Finding polymorphisms associated to hypertension in Sub-Saharan Africa could help to select the adequate antihypertensive treatment in these highly vulnerable populations (Mokwe et al., 2004; Peck et al., 2013). The fact that differences in the ethnic background correlate with differences in the response to antihypertensive drugs suggests that the genetic background could be an essential factor to consider when it comes to choose the better antihypertensive regimen to control blood pressure (Gupta, 2010; Gupta et al., 2010).

Another population possibly affected by the influence of anti-hypertensive medication on malaria severity would be travelers from western countries going to malaria endemic areas. Nonimmune malaria patients, such as travelers, are more susceptible to succumb to CM and develop neurological sequelae (Alrajhi et al., 1999; Roze et al., 2001). But not all nonimmune travelers have the same odds to develop malaria complications. In a 16-year period clinical study of natives from malaria-nonendemic countries infected with malaria, Phillips et al. showed that the odds of severe malaria were 8-fold lower among black than other ethnic groups suggesting genetic factors to contribute to the outcome of the disease (Phillips et al., 2009). WHO estimates that over 100 countries with risk of malaria transmission receive 125 million travelers every year and reports 10,000 cases of malaria among them (World Health Organization, 2012b). Given that ~20% of the adult population in western countries is hypertensive, a significant number of those travelers would be taking anti-hypertensive medication while in malaria endemic territories. A first line therapy for hypertension treatment are the Angiotensin converting enzyme inhibitors (ACEi) that inhibit the production of Ang II from angiotensin I. However, in malaria endemic areas, reducing the levels of systemic Ang II could be reducing the chances of a good outcome in the case of a malaria infection. Alternative anti-hypertensive drugs, that do not target ACE, for hypertensive travelers would be decreasing the chances of developing CM in case of acquiring malaria.
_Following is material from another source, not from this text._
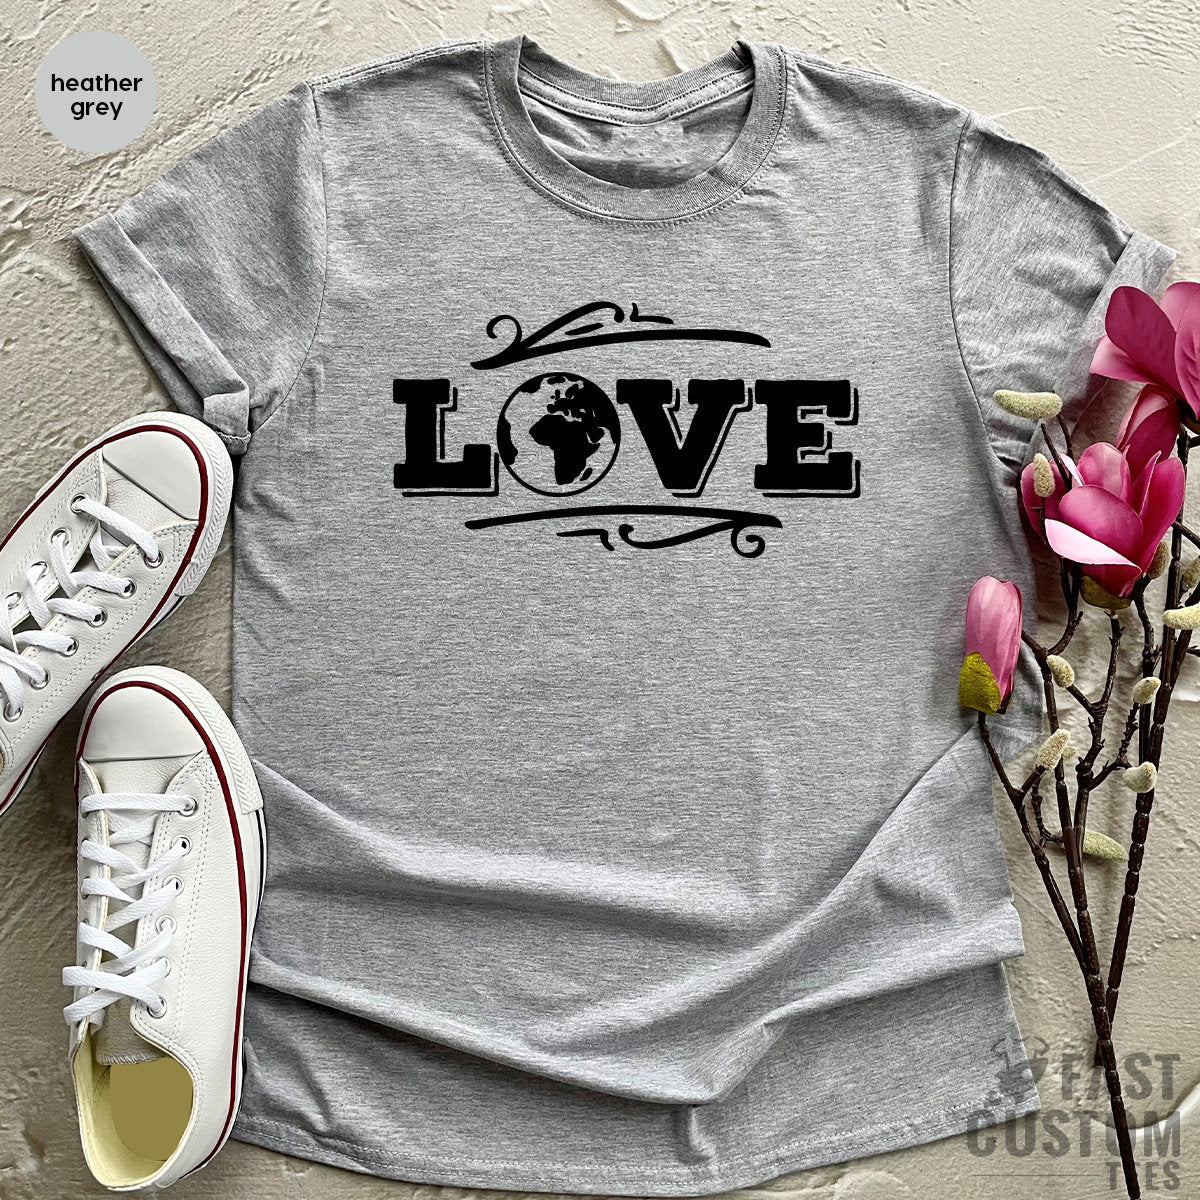 Love Our Planet T-Shirt, Earth Days T Shirt, Recycling TShirt, Environment Shirt, Teachers Shirt, Gift For Activist, Nature Lover Tees - Fastdeliverytees.com

Overall, there are evidences suggesting that RAAS, and more specifically Ang II, may influence the severity of malaria. Although the available data are still very limited, it is conceivable that Ang II could be protecting the integrity of the BBB in the setting of CM and giving a survival advantage to those that carry polymorphisms resulting in higher levels of systemic Ang II. Mechanistic studies to determine the role of Ang II in inflammation, endothelial cell barrier formation, sodium conservation and parasite growth in the context of malaria are needed before any solid conclusions can be reached. It is possible that polymorphisms acquired because of their protective effect against malaria have turned out to contribute together with the western societies life-style to the worldwide epidemic proportions of hypertension. However, the available data in this sense are still scarce and additional genetic studies are necessary in other malaria endemic regions (specially in sub-Saharan Africa) to determine whether malaria could have been a driving evolutionary force for RAAS polymorphisms, and therefore for hypertension.

Conflict of interest statement

The Guest Associate Editor Samuel C. Wassmer declares that, despite being affiliated to the same institution as the authors, the review process was handled objectively and no conflict of interest exists. The authors declare that the research was conducted in the absence of any commercial or financial relationships that could be construed as a potential conflict of interest.